**Exercise details**
From the listing below, give again exactly the lines from the line with "Cultura do Rio" to the line with "Global Magnesia Chrome", ends included, without any pictures.

**Records for this task**
[Start of Attachment]

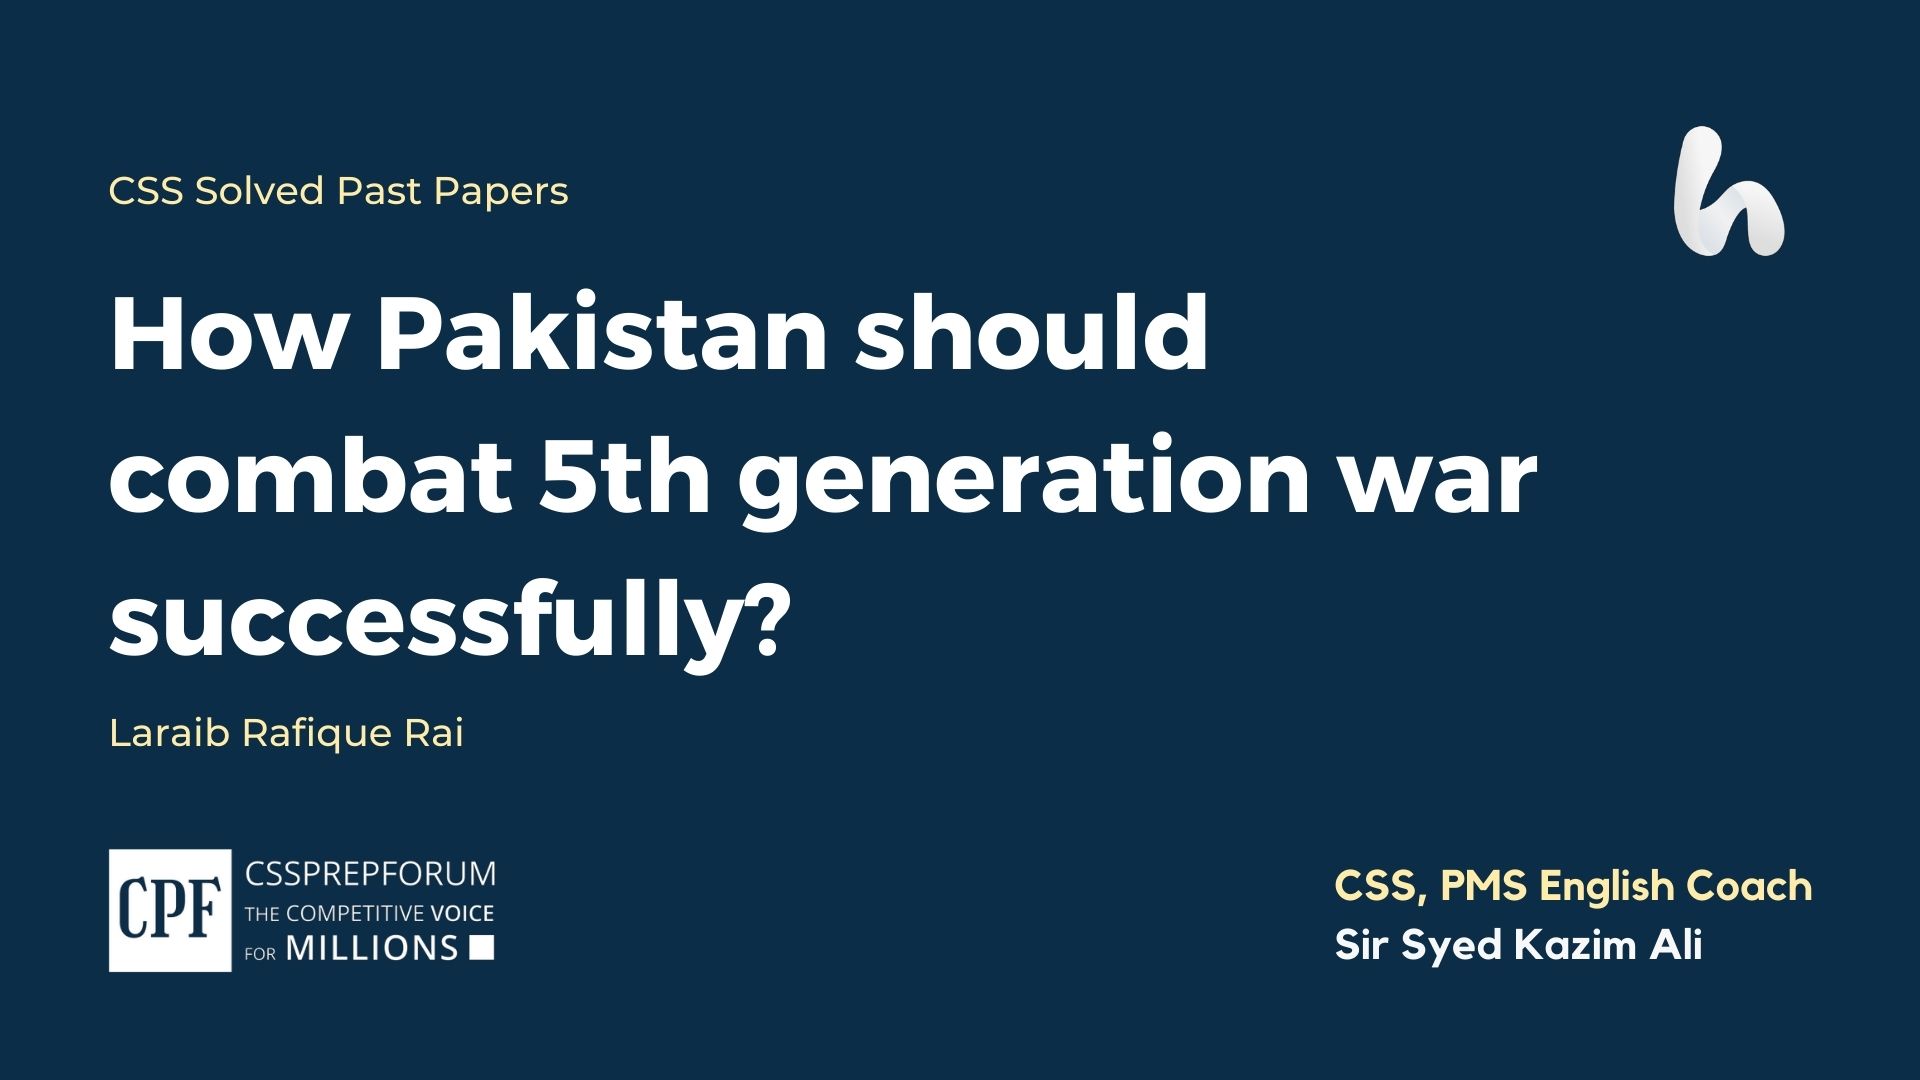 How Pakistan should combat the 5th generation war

[End of Attachment]
[Start of Attachment]

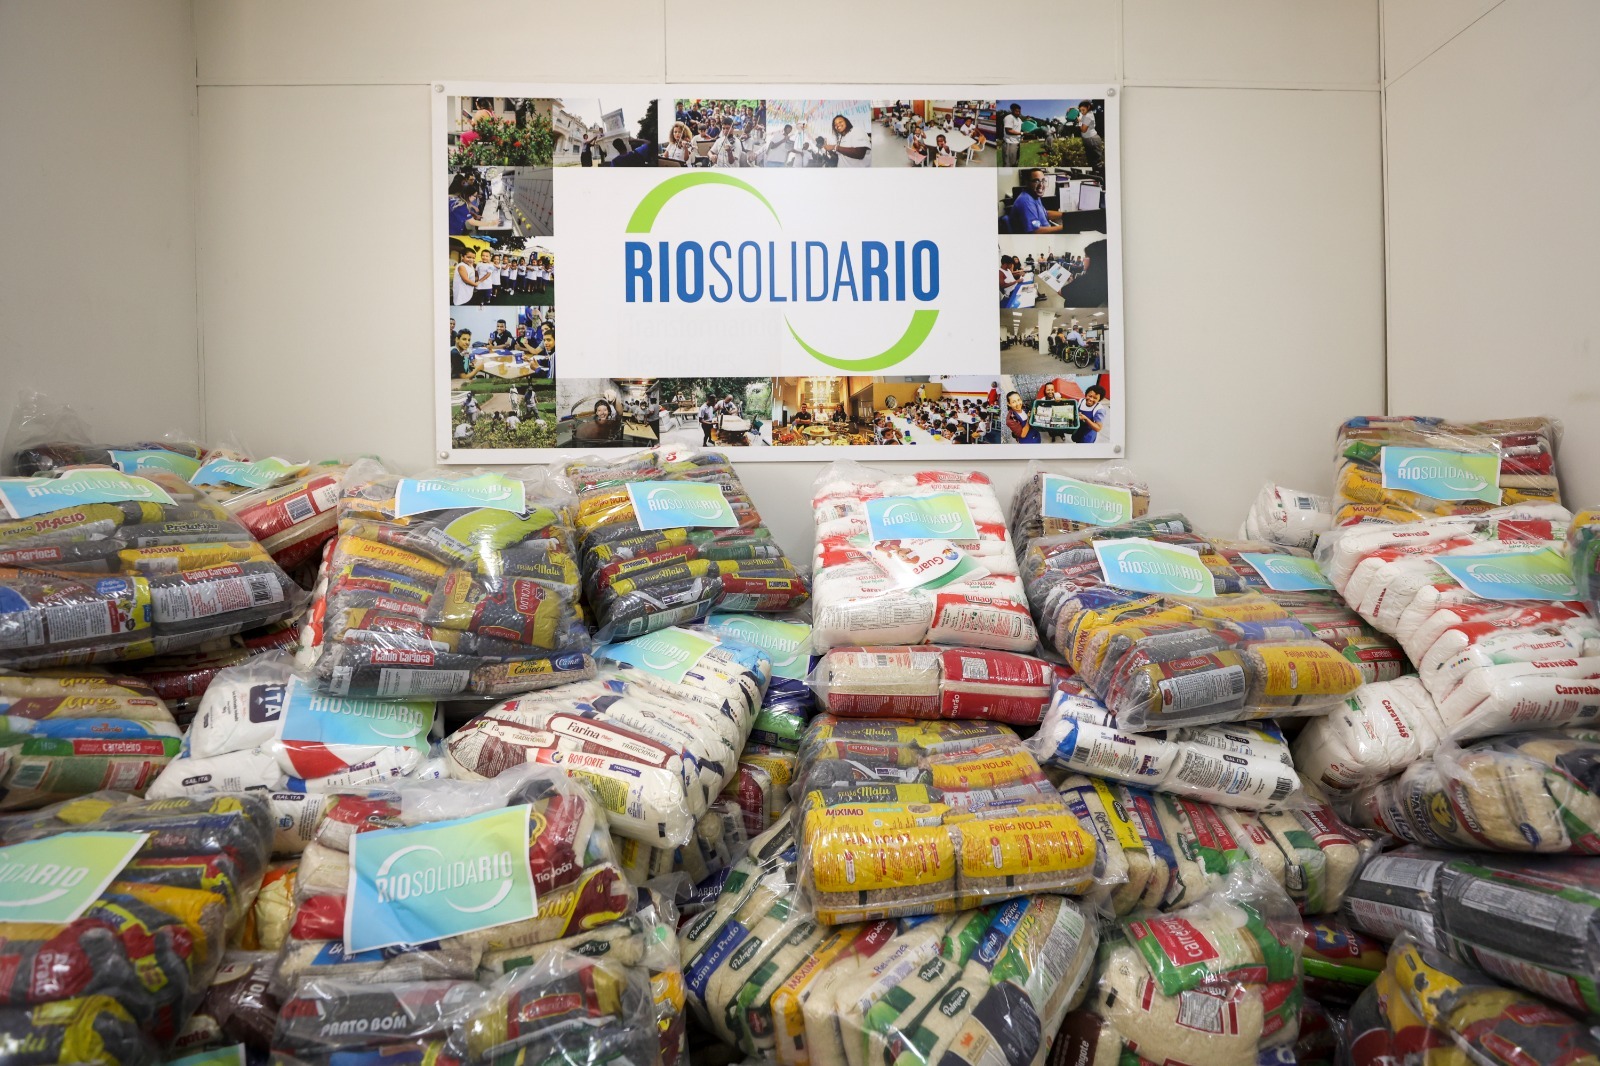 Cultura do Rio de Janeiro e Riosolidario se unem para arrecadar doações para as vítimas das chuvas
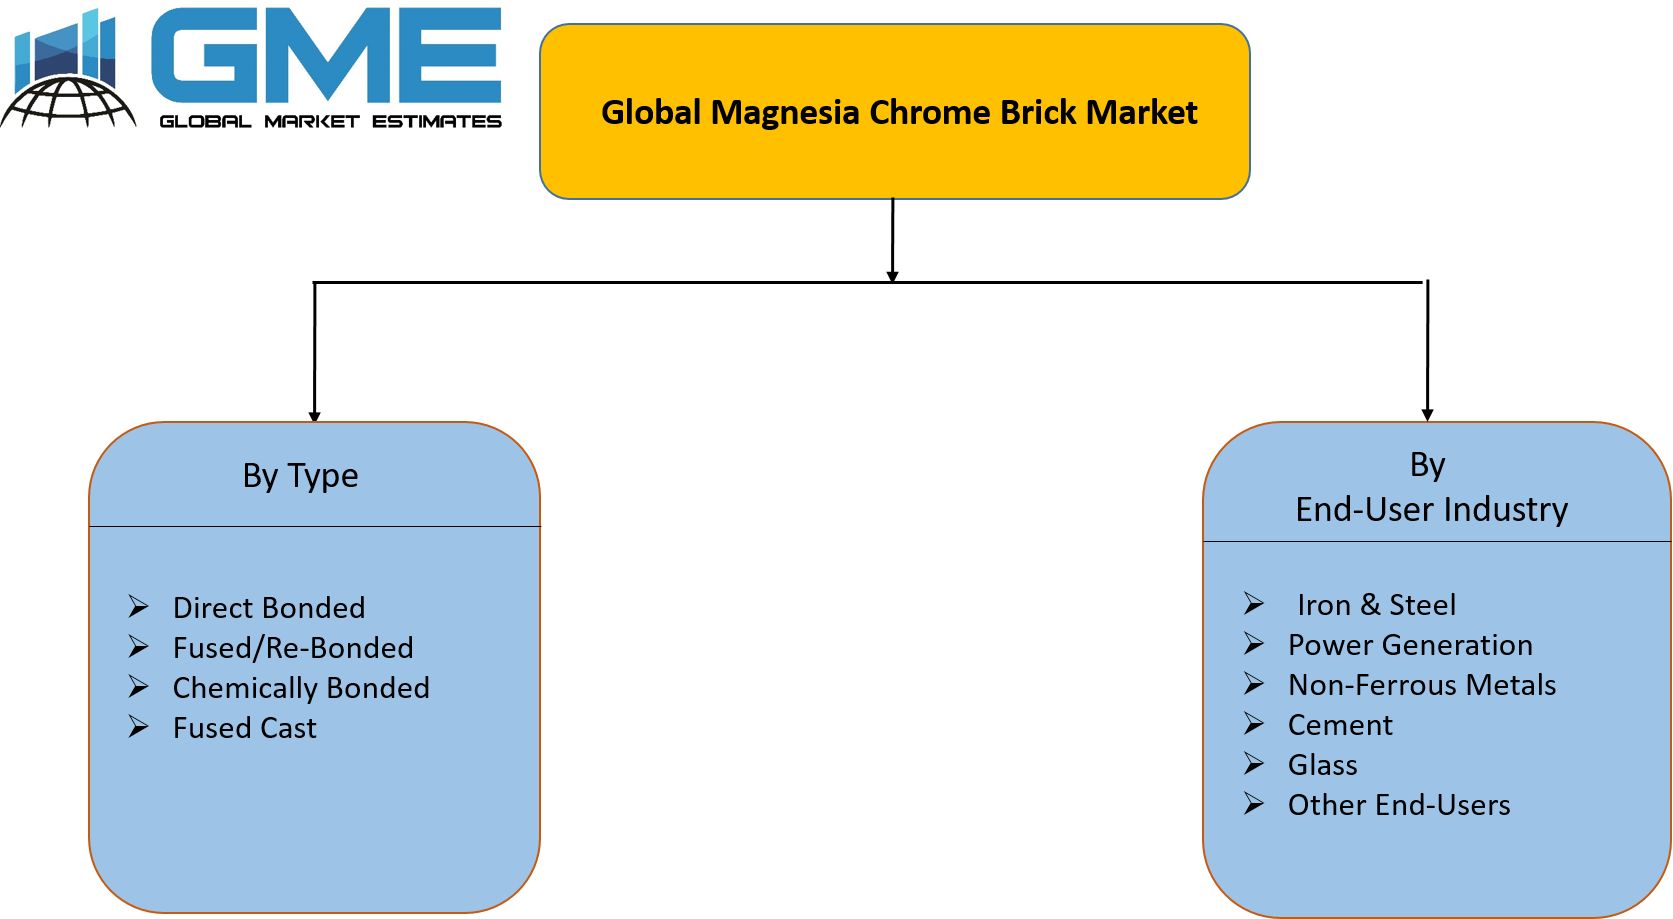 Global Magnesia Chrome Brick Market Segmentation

[End of Attachment]

**Solved exercise**
 Cultura do Rio de Janeiro e Riosolidario se unem para arrecadar doações para as vítimas das chuvas
 Global Magnesia Chrome Brick Market Segmentation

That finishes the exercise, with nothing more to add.